Some of the album’s captions, primarily in beginning and the lighthouse section, appear to have been first added when it was originally assembled and many are partially erased. The majority of captions, however, were contributed at a later date by Admiral Mead’s niece, Annie Adelia Mead Ferguson. Annie appears to have come into possession of the album at some point and added her own annotations identifying people and places she recognized in the photographs. She also added a handwritten note to the inside of the album’s front cover in 1970 indicating that the album had once “belonged to William Whitman Mead” before explaining that she captioned certain images herself and speculating on which of her children might want to inherit the album. It is unclear who originally took many of the photographs, though there are indications that Annie's mother Unadilla Gazlay Mead may have contributed some material. One photograph on pg. 32 shows Unadilla and her husband Omar C. Mead, Admiral Mead’s brother, posing together on a dock in either Portsmouth or Newport while the former can be seen holding a camera in her hands, while on pg. 44 there is a self-portrait taken in a mirror of a woman with a camera that appears to be Unadilla.
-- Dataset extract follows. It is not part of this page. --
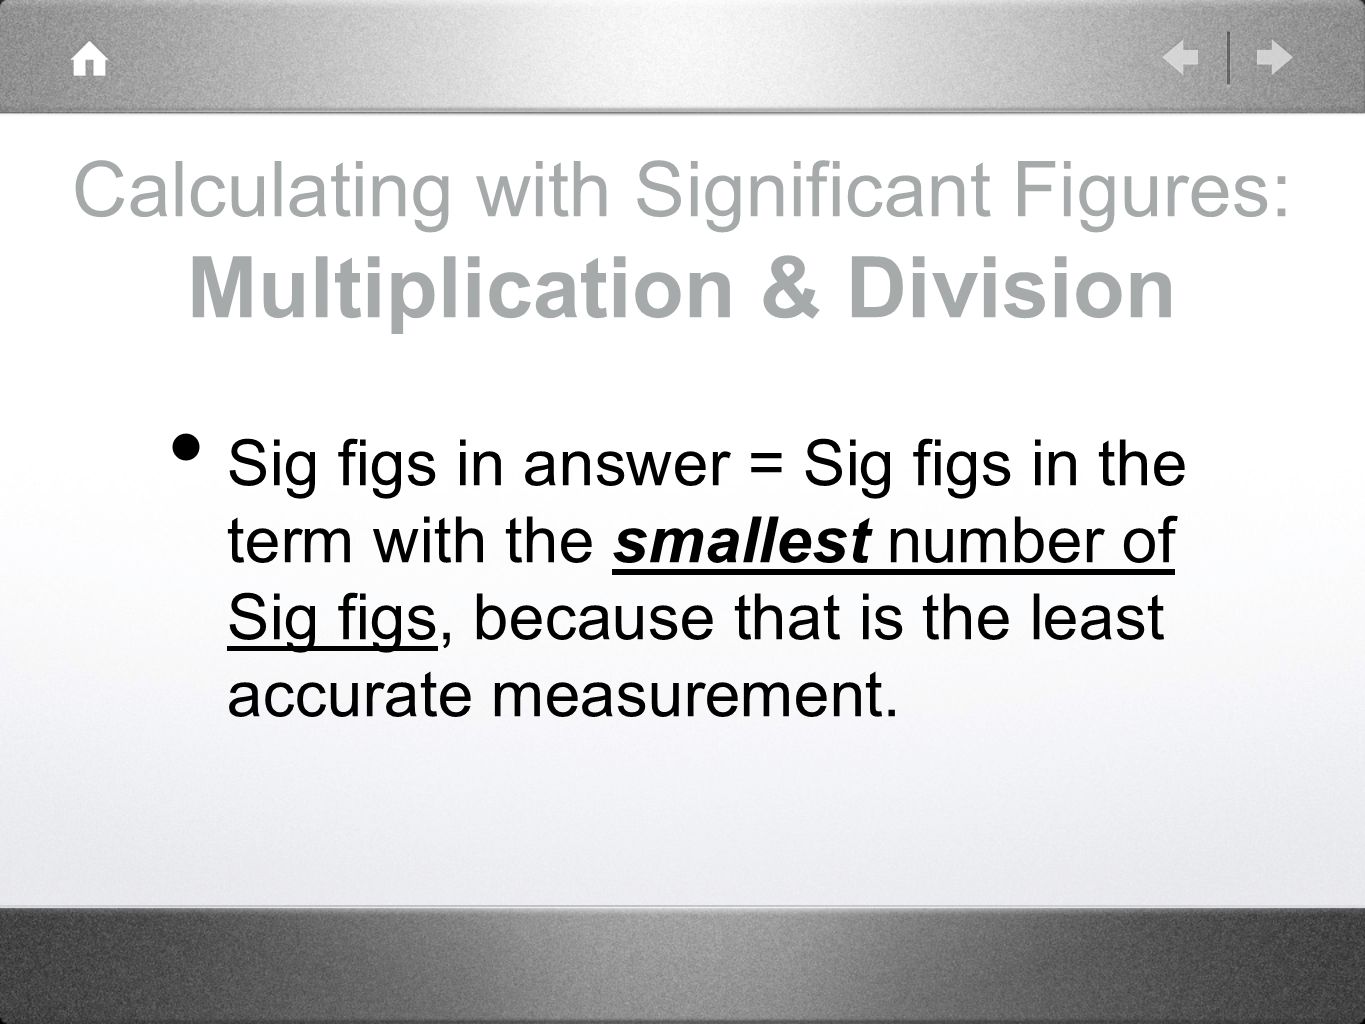 Calculating with Significant Figures: Multiplication & Division Sig figs in answer = Sig figs in the term with the smallest number of Sig figs, because that is the least accurate measurement.

The album provides extensive documentation of lighthouses along the shores of Lakes Superior and Huron in the mid-1890s, as well as views from Great Lakes locations such as Duluth, Copper Harbor, and the locks at Sault Ste. Marie. Specific lighthouses represented include Seul Choix Light, Old Mackinac Point Lighthouse, Sand Island Lighthouse, Huron Island Lighthouse, Isle Royale Light, an abandoned lighthouse on Isle Royale, a pair of unidentified lighthouses possibly located in the Keweenaw Peninsula, Windmill Point, a lighthouse in St. Clair Flats, Gull Rock, Stannard’s Rock, Rock Harbor Light, and other unidentified structures. Images related to Admiral Mead’s time at the Newport naval base include portraits of Mead both in and out of uniform, portraits of family members such as Julia Mead, a collotype postcard of Trinity Church, and various buildings and street scenes. Images related to Admiral Mead’s time at Portsmouth Naval Shipyard include views of the Commandant’s house, “The Admiral’s Yacht,” and portraits of various individuals including John W. Yerkes, Elizabeth O. Yerkes, Amelia R. Yerkes, Annie Meade Matthews, Omar C. Mead, and Annie Adelia Meade as a young child. Of particular interest are a number of candid shots of locations and participants in the Portsmouth peace talks that ended the Russo-Japanese War in 1905 (including several photographs of three unidentified Japanese men described as “servants” in one caption) that are present on pgs. 30, 36, 37, and 39. While most of the ships that appear in the album are unidentified, identified vessels include the passenger steamer North Land on pg. 16 and the lighthouse tender Marigold on pg. 23. Other individuals identified by caption include Robert A. Watts (Admiral Mead’s brother-in-law) and Margaret A. Watts (Admiral Mead’s mother-in-law). Also present are three outdoor portraits of unidentified African American men and women on pg. 21 captioned “Those good ole’ days!!” and “Same good ole days!” as well as a cyanotype of an unidentified African American girl on pg. 48.